Provided records: Begin

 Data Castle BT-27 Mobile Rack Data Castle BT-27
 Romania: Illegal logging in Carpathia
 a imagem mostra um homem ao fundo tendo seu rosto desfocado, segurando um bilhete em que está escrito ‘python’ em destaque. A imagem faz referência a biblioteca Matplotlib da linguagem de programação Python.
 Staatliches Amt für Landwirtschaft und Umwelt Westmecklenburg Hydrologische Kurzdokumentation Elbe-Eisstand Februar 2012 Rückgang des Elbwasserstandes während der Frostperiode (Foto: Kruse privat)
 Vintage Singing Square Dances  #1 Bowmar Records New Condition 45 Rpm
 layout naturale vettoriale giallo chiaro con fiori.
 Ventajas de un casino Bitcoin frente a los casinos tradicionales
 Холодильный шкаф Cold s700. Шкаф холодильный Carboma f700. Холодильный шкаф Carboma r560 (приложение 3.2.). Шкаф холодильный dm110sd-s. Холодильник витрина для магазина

Provided records: End

## Task to complete
Begin at the top of the listing above and set down each line exactly. Stop after the line that contains "a imagem mostra".

## Response
 Data Castle BT-27 Mobile Rack Data Castle BT-27
 Romania: Illegal logging in Carpathia
 a imagem mostra um homem ao fundo tendo seu rosto desfocado, segurando um bilhete em que está escrito ‘python’ em destaque. A imagem faz referência a biblioteca Matplotlib da linguagem de programação Python.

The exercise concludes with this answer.